Using Commercial Tannin-Degrading Bacteria, or Isolated from the Rumen of some Ruminants to Improve the Nutritional Value of Pomegranate Peel

Document Type : Research Articles

Authors

1 Faculty of Animal Science and Food Technology, Agricultural Sciences and Natural Resources University of Khuzestan, Mollasani, Ahvaz, Iran

2 Agricultural Sciences and Natural Resources University of Khuzestan

3 PhD of Animal Nutrition, Kharazmi Industrial School, of Dezful

Abstract

Introduction Pomegranate has many secondary metabolites such as tannins and phenolic compounds, which have various properties such as antimicrobial, antioxidant, anti-inflammatory, and immune system stimulating effects. The amount of tannin in pomegranate skin has been reported up to 20.6%. The limiting effects of tannins can be related to reducing the use of nutrients, especially protein, reducing growth and performance, reducing palatability and feed consumption, and reducing the activity of digestive enzymes.
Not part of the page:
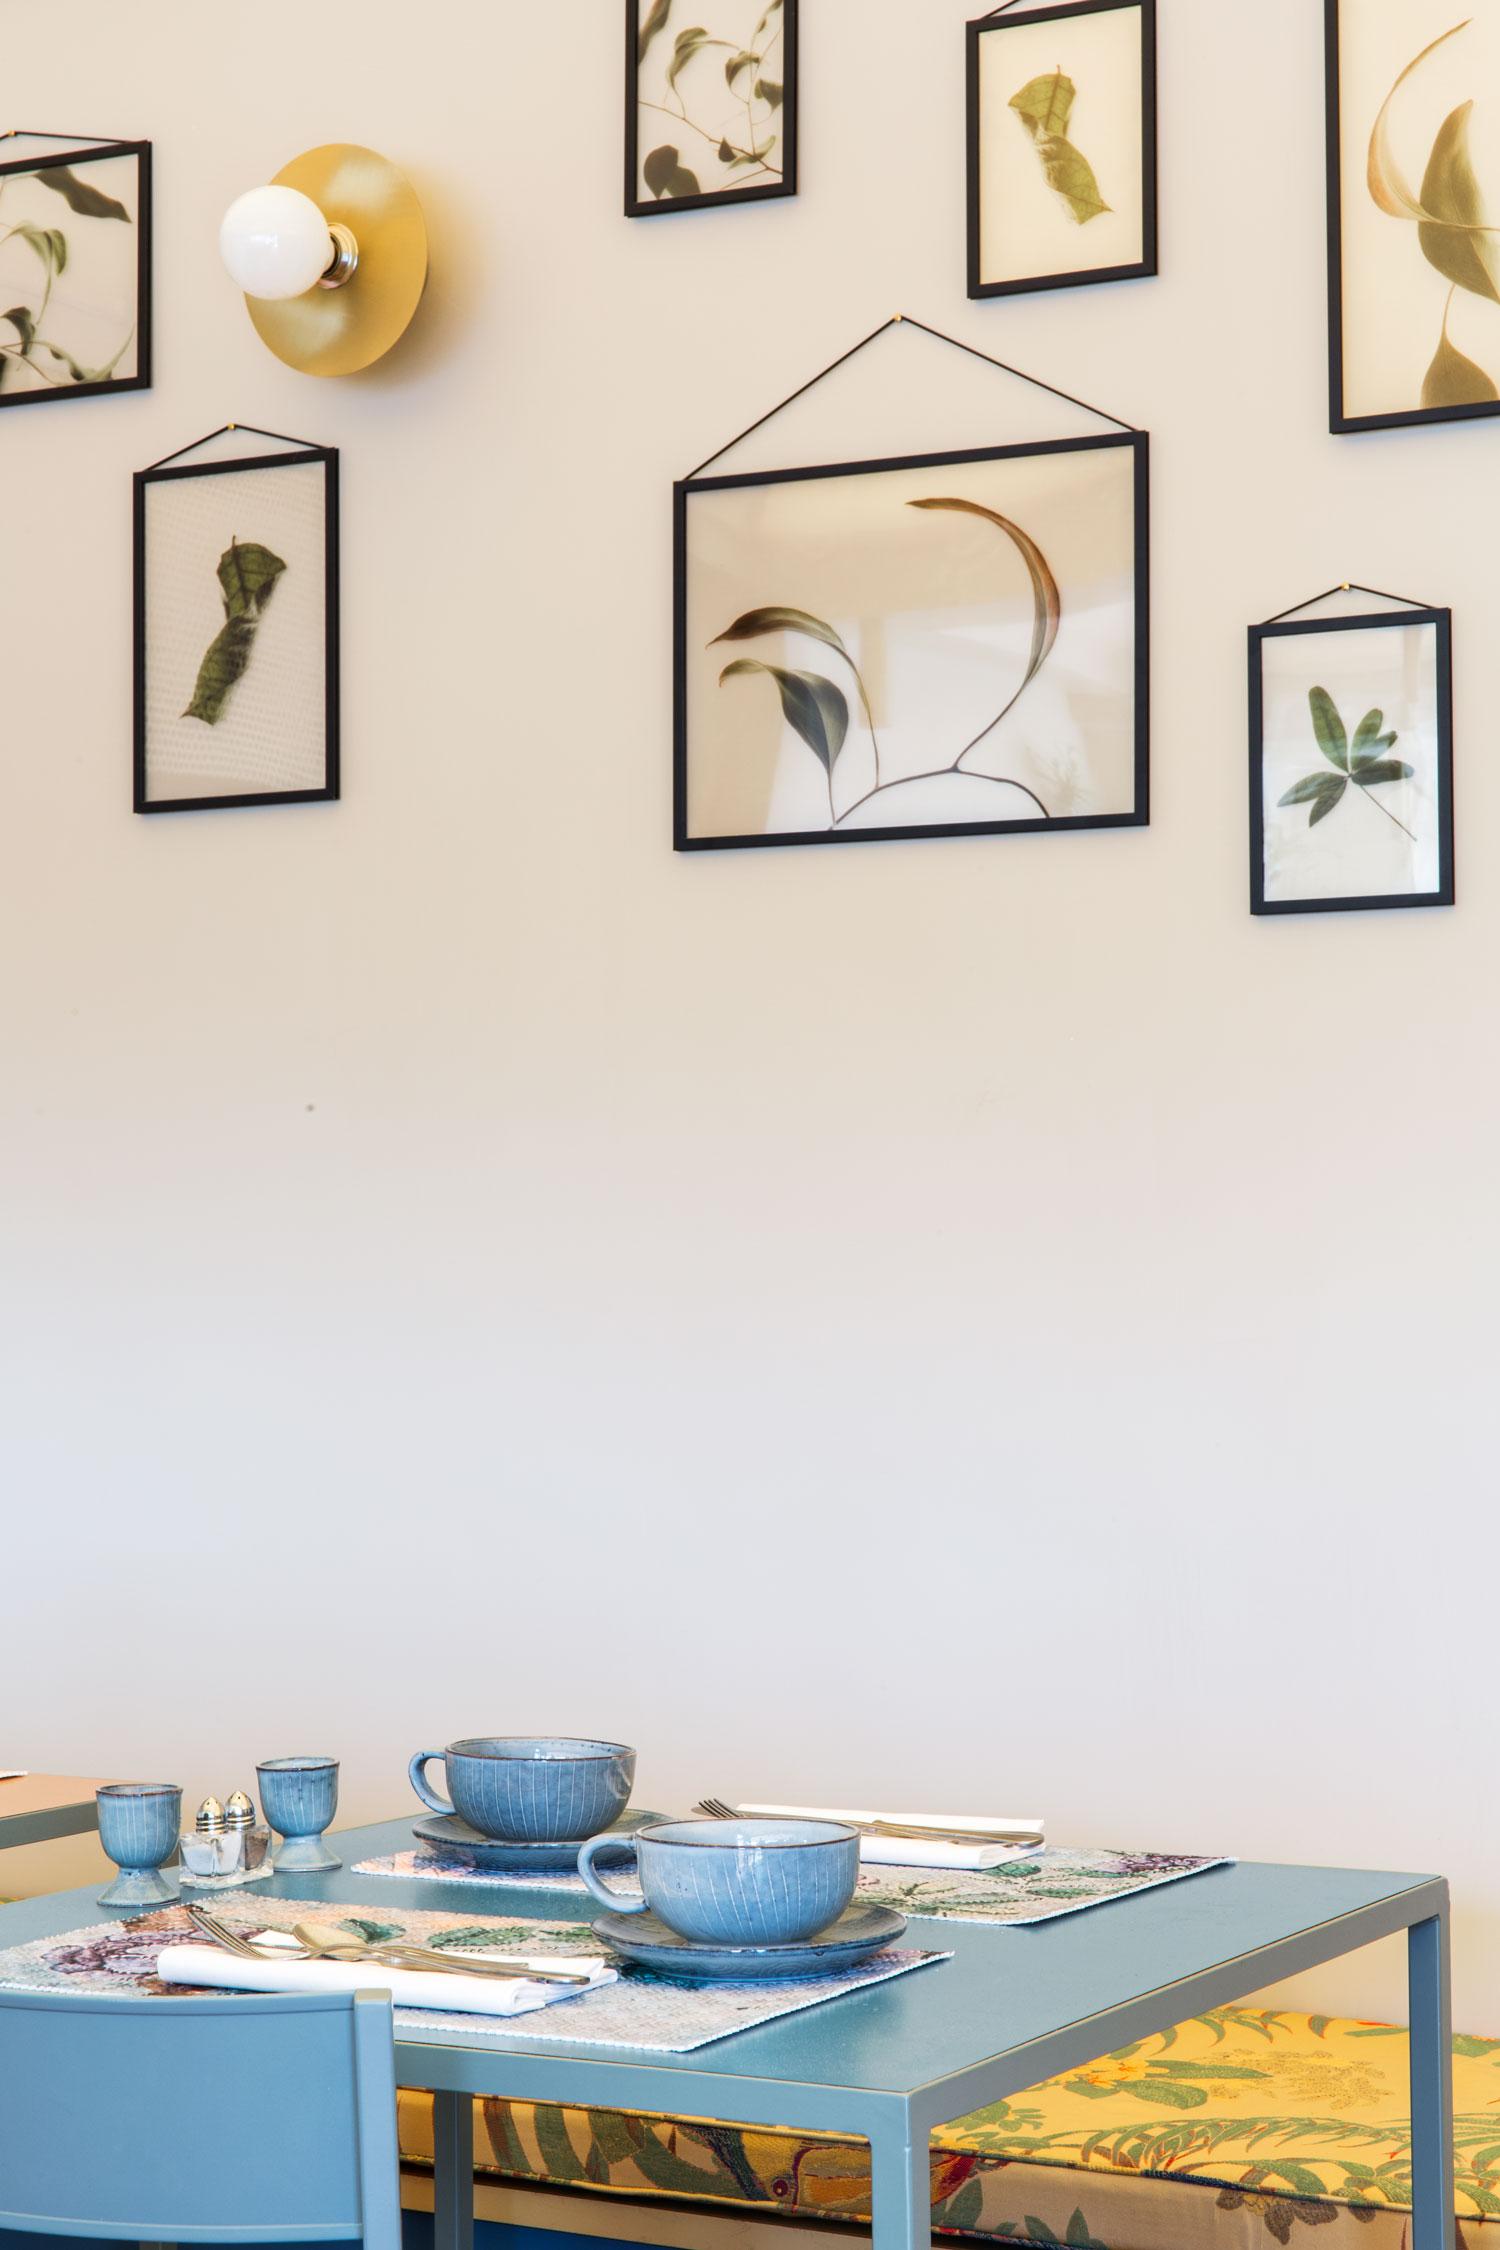 Redefining Hospitality Design With This Vibrant Hotel In Rome - WWW.AUTHENTICINTERIOR.COM design studio & blog

In addition to the anti-nutritional effects in high concentration, the positive impact of dense tannins in optimal concentration includes improving live weight gain, preventing flatulence, increasing milk production, reducing intestinal nematodes, and reducing the production of NH3-N and methane in the rumen. Therefore, the present experiment was carried out to improve the nutritional value of pomegranate peel as a tannin-containing edible material by treating it with some tannase-producing bacteria for ruminants.
Materials and methods Pomegranate peel was treated with tannin-degrading bacteria including Klebsiella pneumoniae and Acinetobacter (isolated from deer rumen), Lactobacillus fermentum (isolated from Najdi goat rumen), and commercial Lactobacillus fermentum, and its nutritional value including chemical composition, digestibility, and fermentation ability alone (first experiment) or as a combination in a standard fattening lamb diet (second experiment), with two-stage digestion method and gas production test were studied. In the first experiment, five experimental treatments included 1- Pomegranate peel without treatment (control treatment), treatment 2 to 5- Pomegranate peel treated with each of the four tannin-degrading bacteria. The five treatments of the second experiment included 1- Diets containing pomegranate peel without treatment (control treatment), 2-5- Diets containing pomegranate peel treated with each of the four tannin-degrading bacteria.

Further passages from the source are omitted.